When Christopher Columbus was looking for a few gazillion lira to make his voyage west from Italy to India, the story I learned in grade school was that people weren’t eager to pony up because they felt he’d sail off the edge of the obviously flat earth. While it’s true that many people believed that the earth was a tabletop, around which a wayward sailor was certain to plummet into an unknown abyss, most of the educated folks in 1492 – the ones Chris would have been hitting up for cash – knew the world was round.

Plato had known it, so had Aristotle. In 240BC, Eratosthenes even made an accurate estimation of the planet’s diameter. No, people were more concerned that Chris’s estimate of the distance of the voyage was way off. Which it was. Had North America not existed, and had Chris and his fleet actually continued cruising toward the east coast of Asia, they would have exhausted their supplies long before spotting land. It’s a good thing our little continent got in his way.

LeifEricson

Well, sort of. Remember, Columbus landed on San Salvador, an island in the Caribbean Sea. Even had he dropped in on the continent proper, Leif Ericson (depicted above – note the lack of horns) had already ‘discovered’ the place first. European folks were already using the water up near Newfoundland as a place to catch some great fish.

Not to take away from Columbus. It took cajones to pack an inadequate amount of supplies into a trio of rickety boats and set sail on an uncharted course.

Pilgrims

And while I’m on the topic of faultily referenced cranial accoutrements, can we please do away with the damn pilgrim buckle-hats? Pilgrims weren’t walking around dressed in all-black like some teen emo mope-fiends, feeling morose, moody and rejected by their native country, nor did they wear hats with curiously useless buckles on the front. The visuals of buckle-laden Pilgrims come from the 19th century, in an effort to evoke a more quaint, cutesy picture of history.

Oh, and that ‘first Thanksgiving’… not quite. The Spanish colony in St. Augustine, Florida was being thankful for what they’d been given back in 1565. The early settlers in Frobisher Bay (up in what is now Nunavut) held Thanksgiving in 1578. Even in Jamestown, Virginia, Thanksgiving was held in 1607. The myth of the 1621 turkey-fest at Plymouth Rock was the work of Sara Josepha Hale, a 19th century writer who spent years pushing for Thanksgiving to be an official American holiday.
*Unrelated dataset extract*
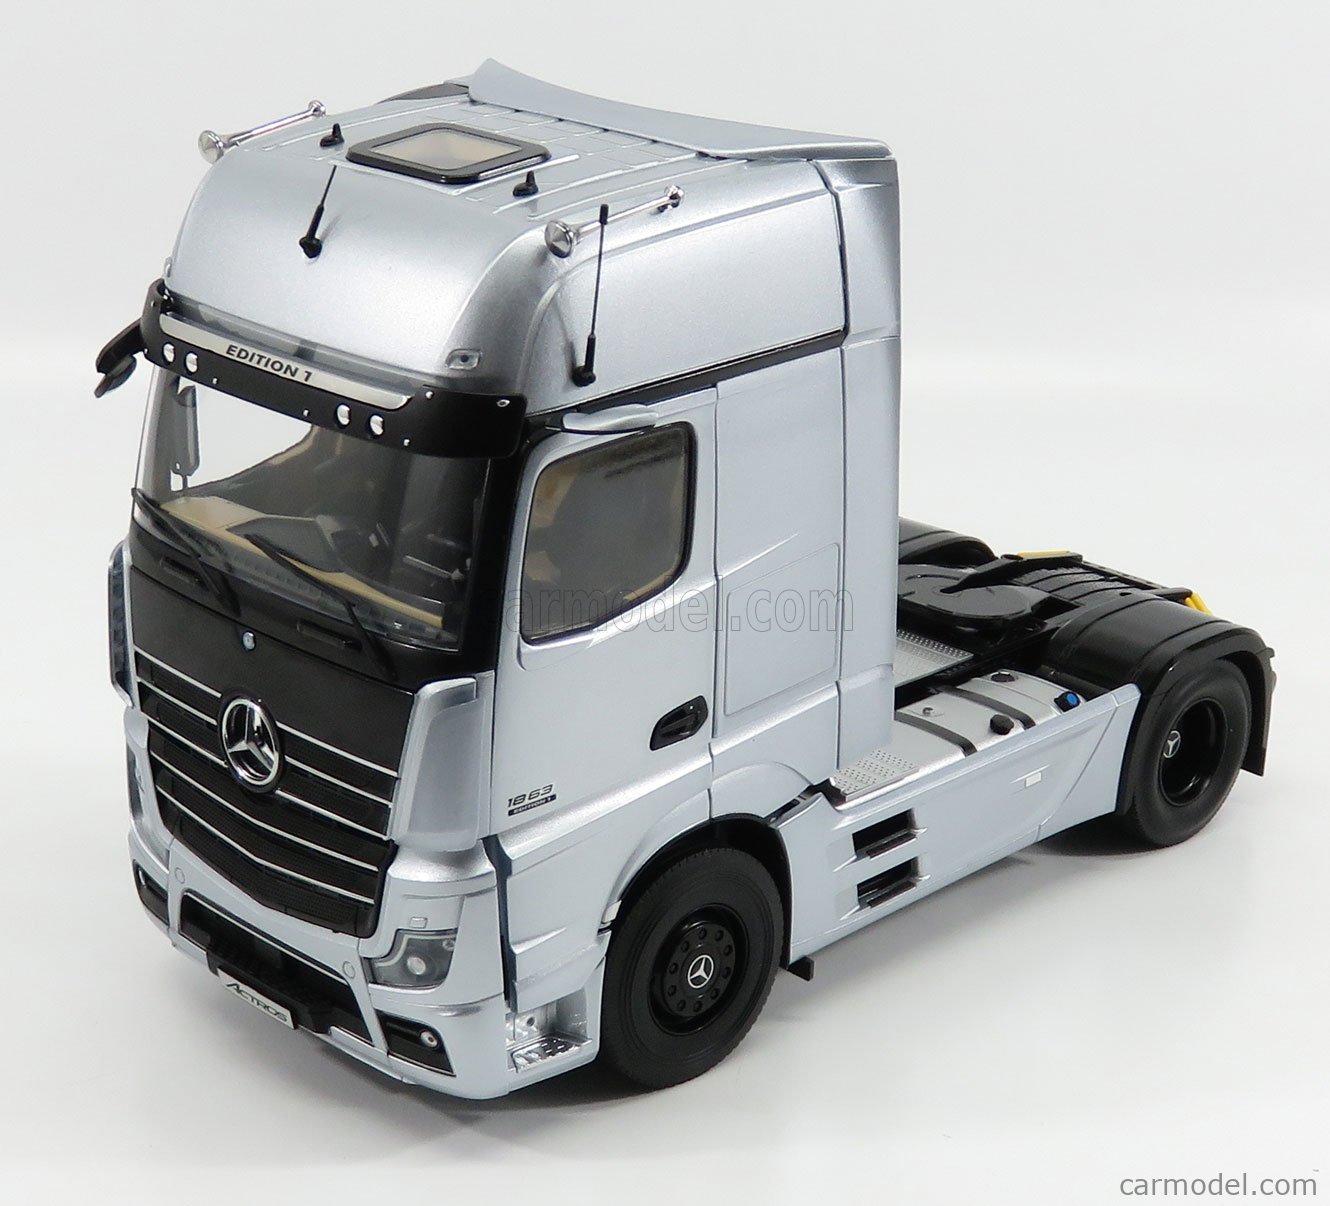 MERCEDES BENZ - ACTROS 2 1863 GIGASPACE EDITION 1 TRACTOR TRUCK 2018

You see? This is why I doubt history. A political lobbying campaign based on a myth becomes a widely-accepted fact.

Pasta

And because I’m getting a little hungry, I’m going to finish up with a  smudged portion of food history. Again, I distinctly remember learning about this myth in school, the one about how Marco Polo trekked all the way to China and returned with a bucket of pasta upon which the Italians subsequently built their entire cuisine. It turns out that isn’t exactly true.

Marco did describe something similar to lasagna in his travels, but he described it using a term that he already knew. Durum wheat, the basis of the pasta we know and love today, showed up in the boot known as Italy when the Libyan Arabs conquered the island of Sicily way back in the late 7th century, roughly six hundred years before Marco wandered off to the far east.

Why do we believe the Polo-pasta myth? Salesmanship, of course. The Macaroni Journal, a publication put out by a conglomeration of food industries in an attempt to normalize pasta as a dish in the United States, first spread this lie. And because no one really knew enough to dispute it – except those who were specifically educated in Marco’s journeys, which wasn’t many people – it just became absorbed as truth among the masses.

History is full of lies. Kind of like the present. The moral here… don’t believe anything.